EXERCISE INSTRUCTIONS. Reproduce the data below exactly as written. Pictures do not belong in the copy.

DATA BLOCK.

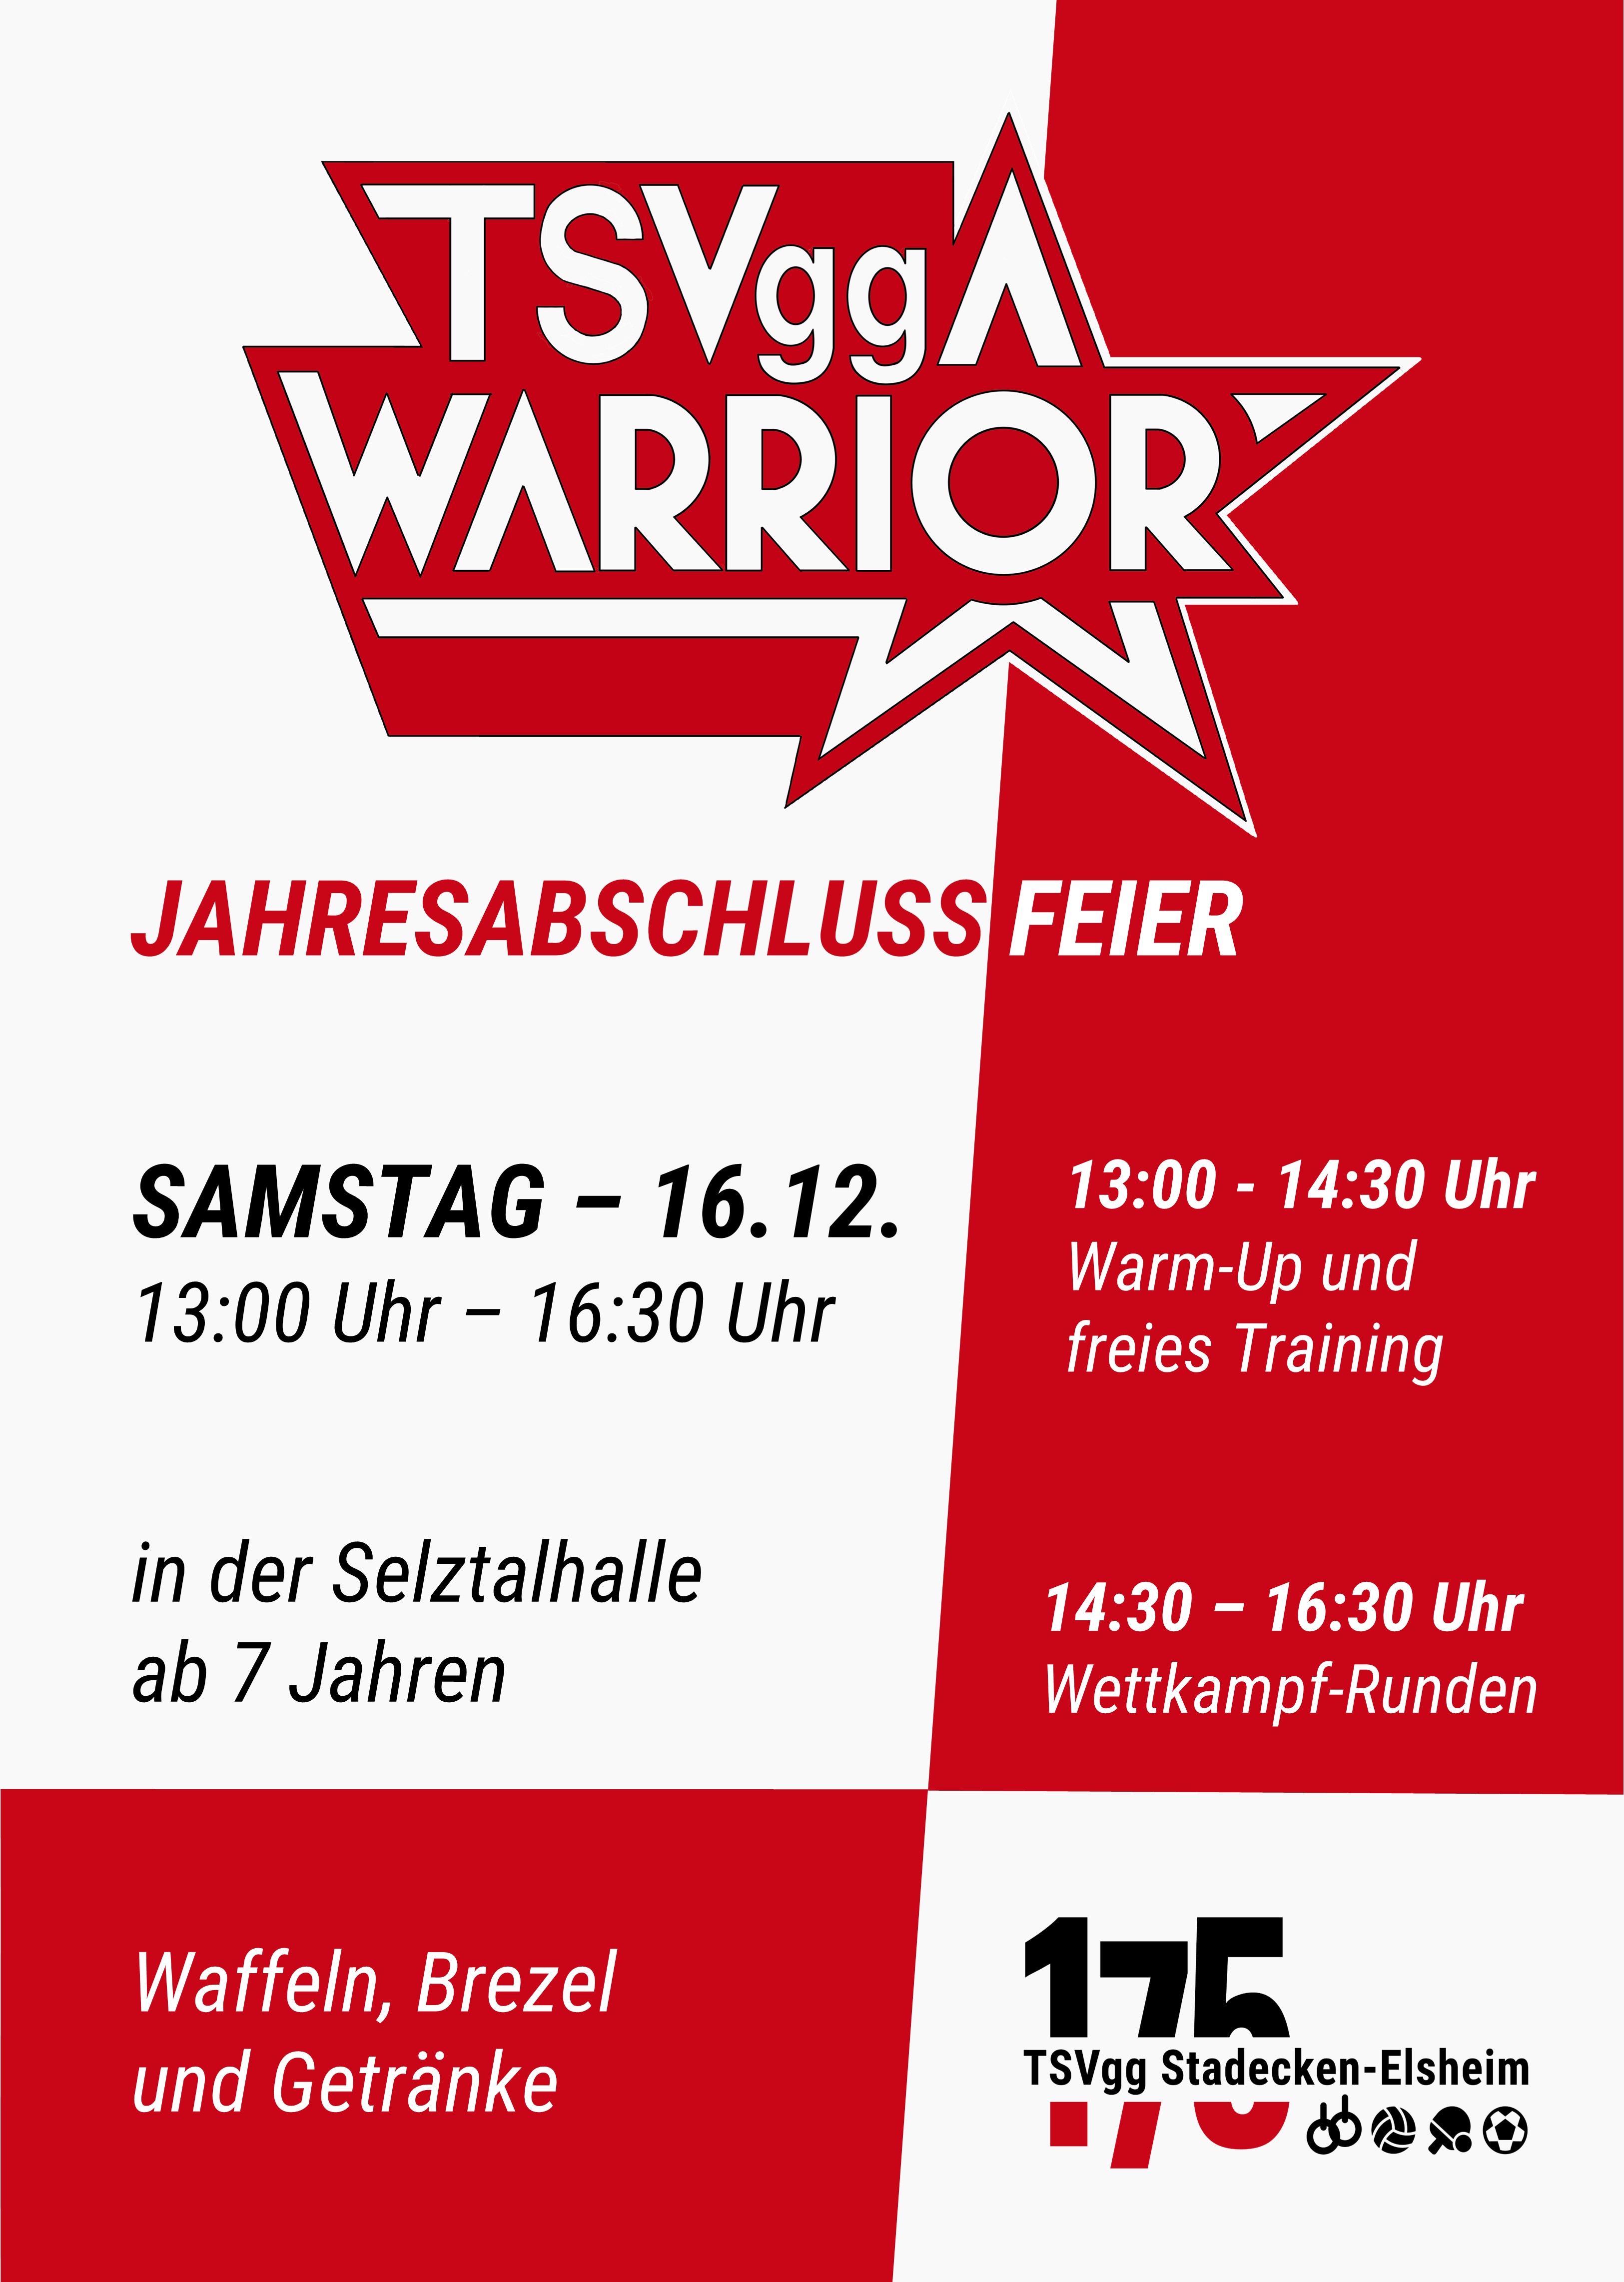 Plakat TSVgg Warrior
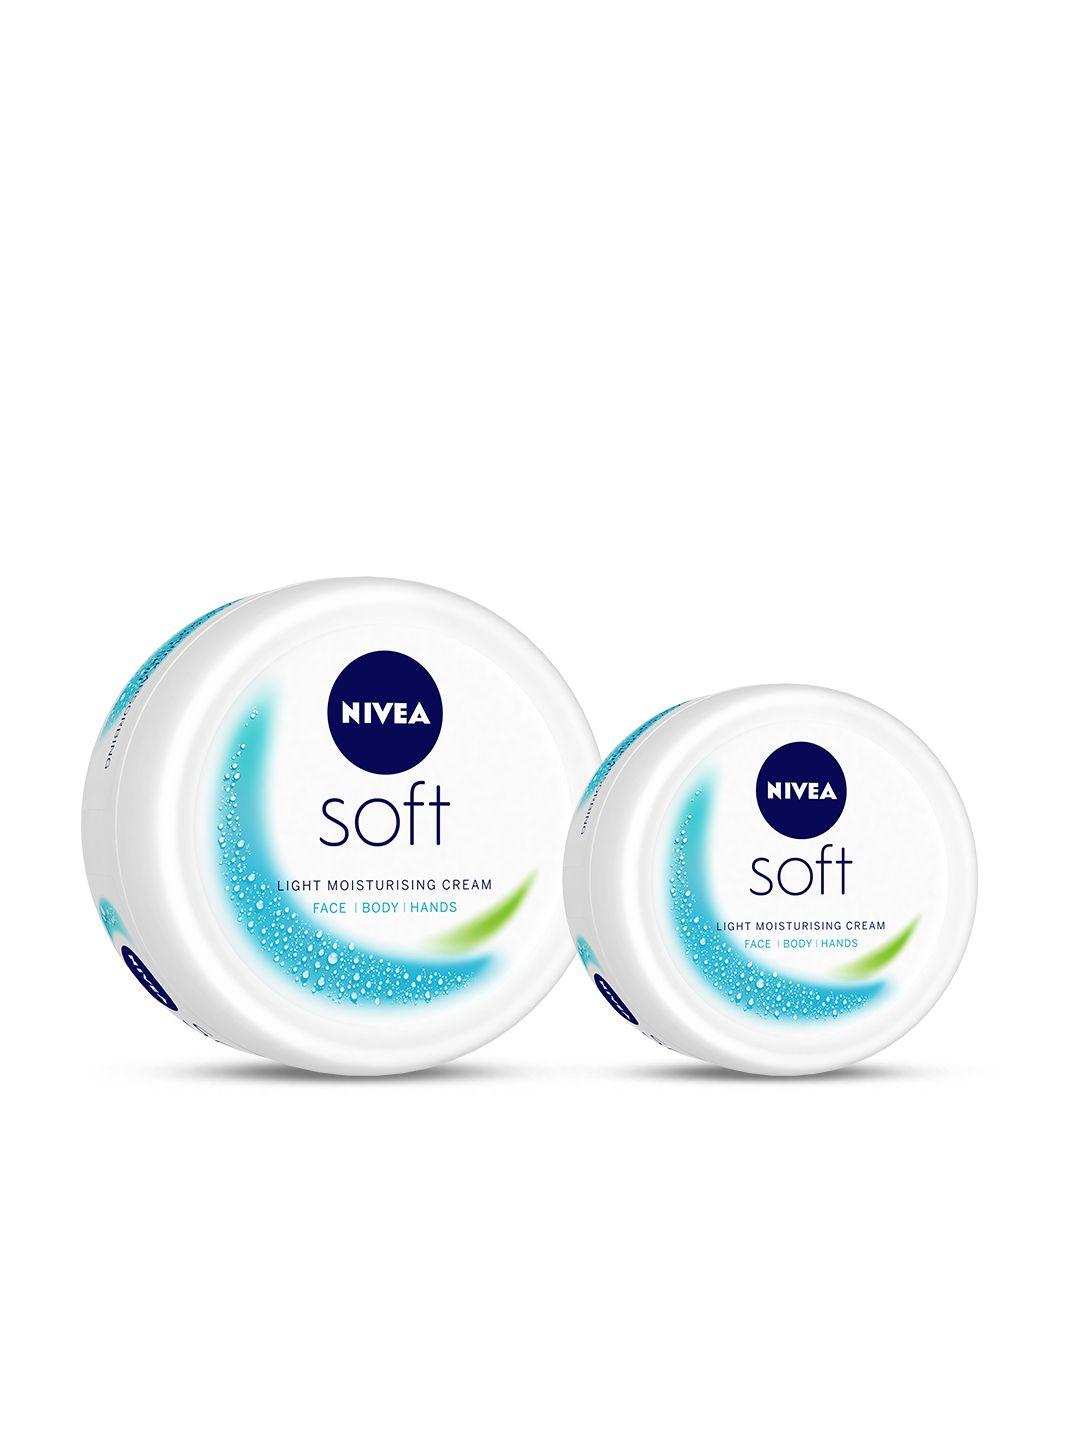 nivea set of 2 soft light moisturising cream for face body & hands - 200ml & 100ml
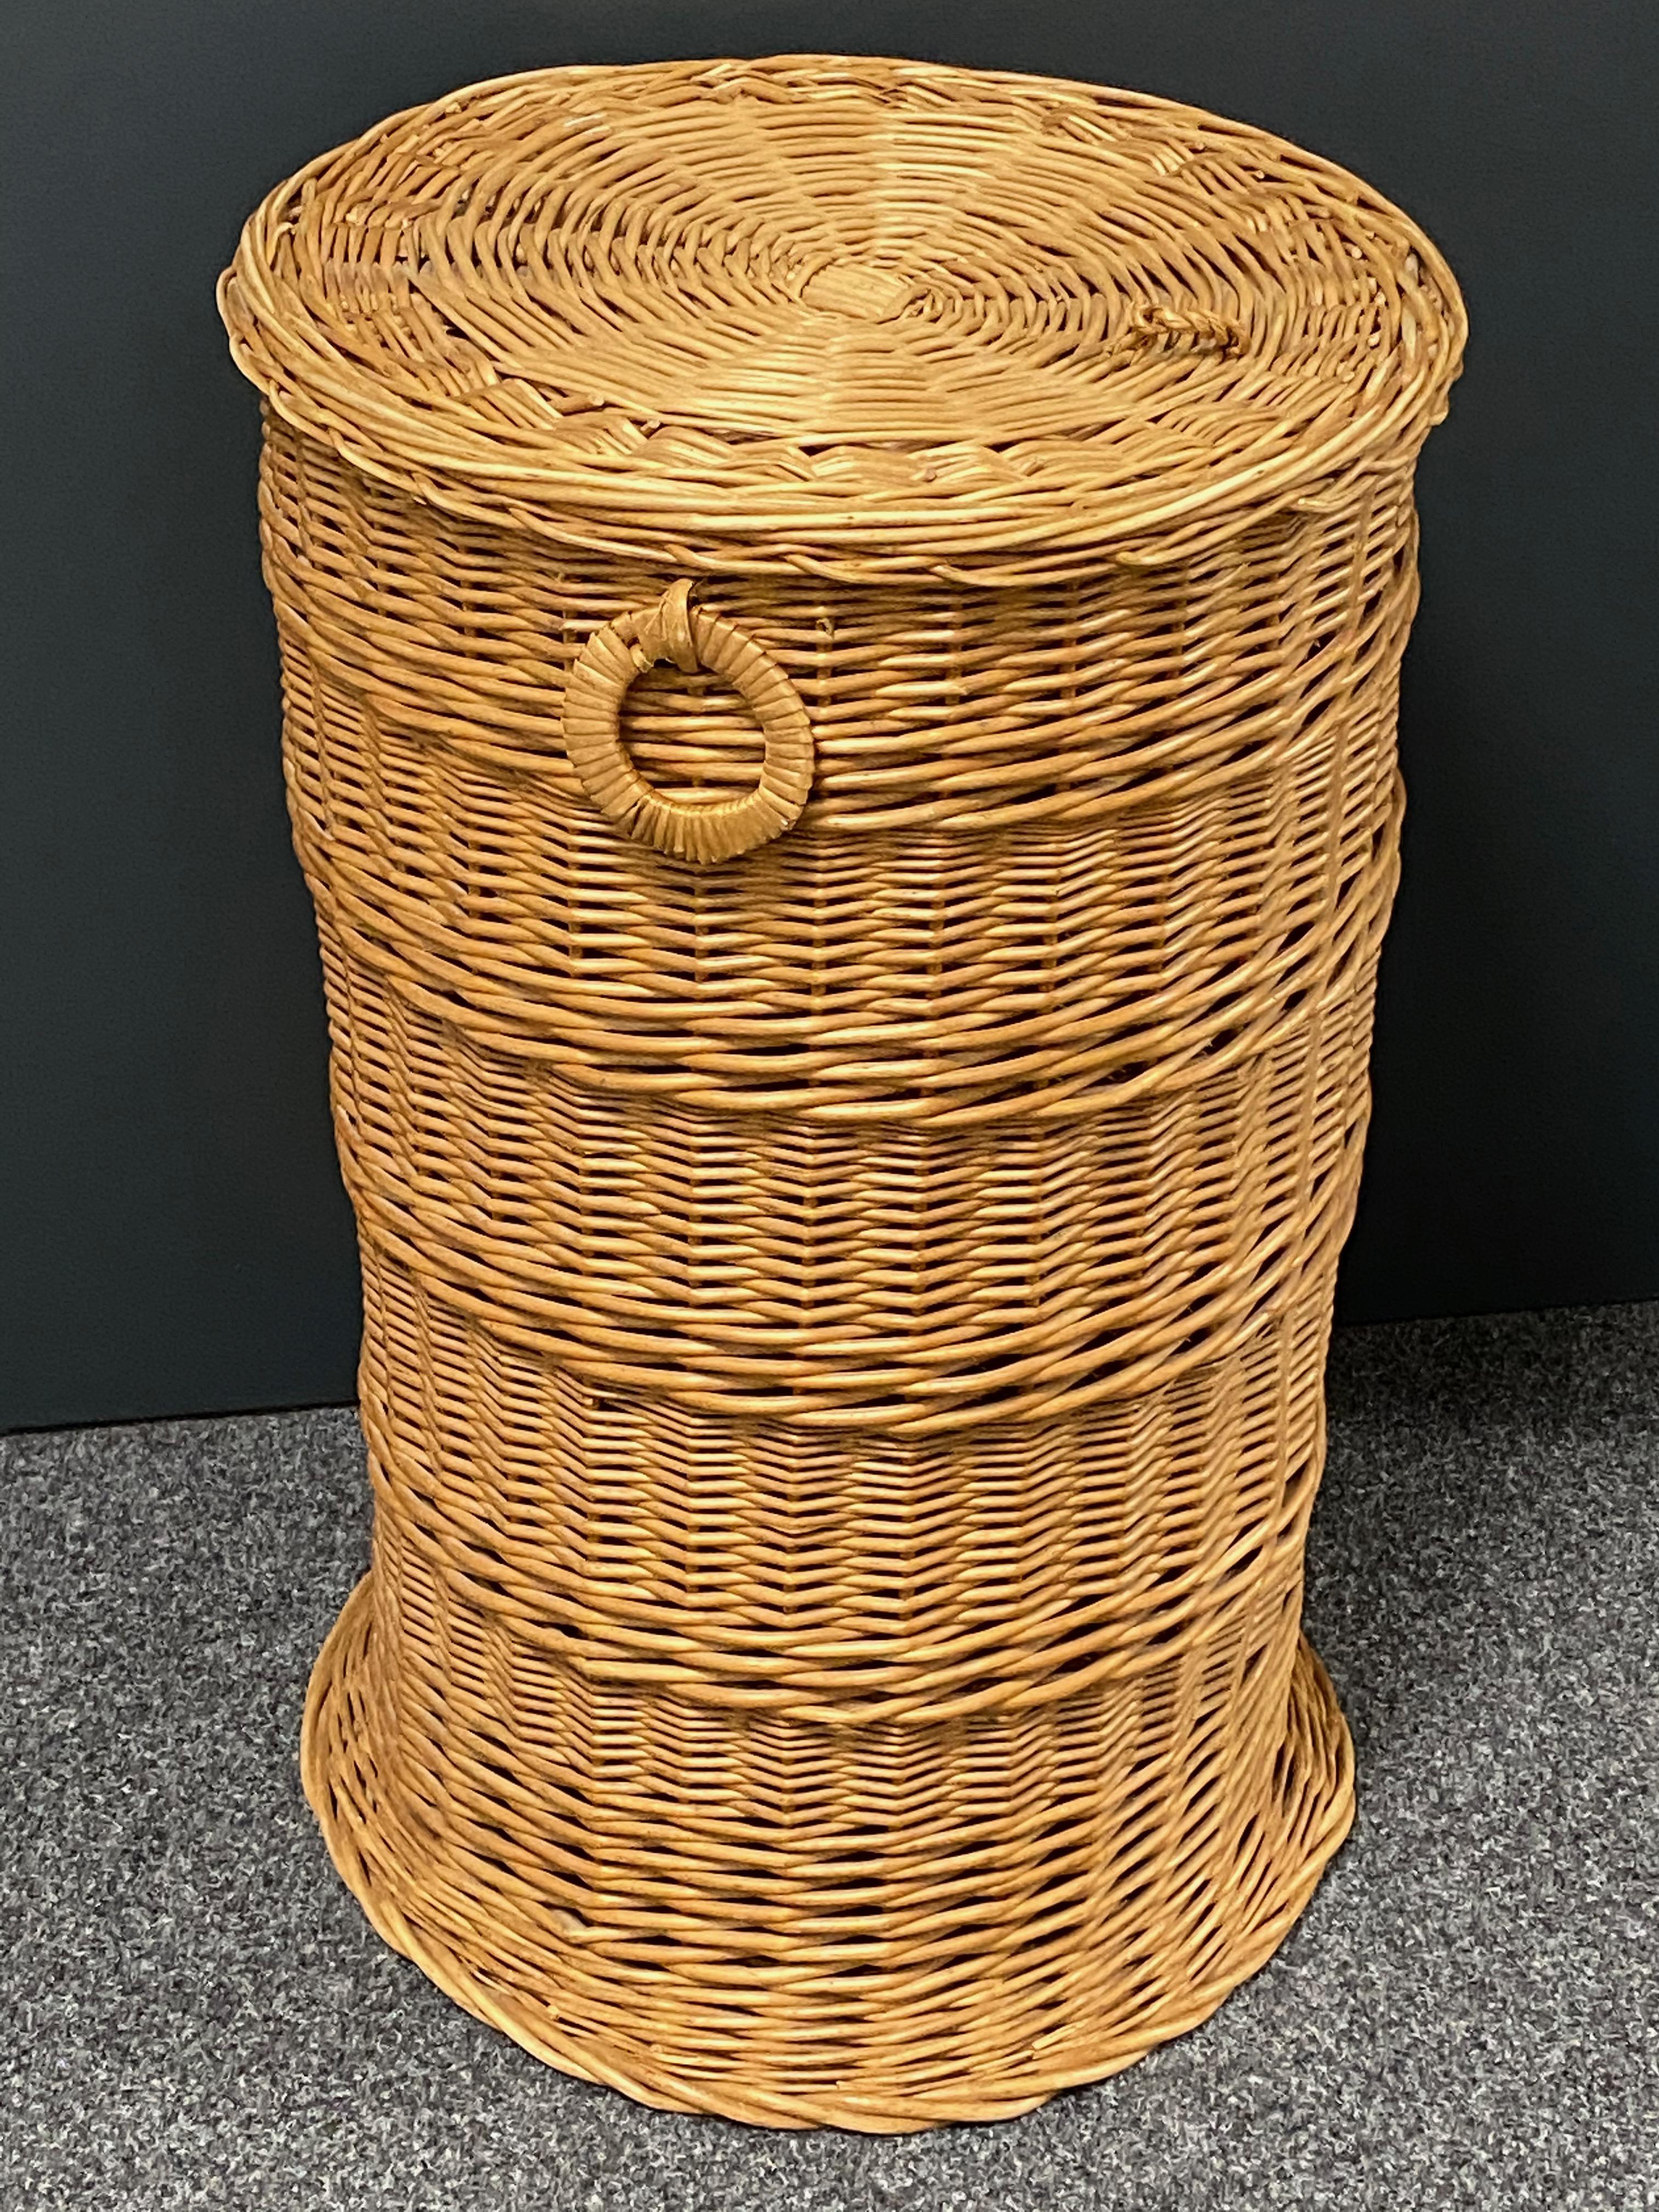 Vintage Midcentury Wicker Laundry Basket Hamper, 1970s, German 1

RESULT OF THIS EXERCISE.
 Plakat TSVgg Warrior
 nivea set of 2 soft light moisturising cream for face body & hands - 200ml & 100ml
 Vintage Midcentury Wicker Laundry Basket Hamper, 1970s, German 1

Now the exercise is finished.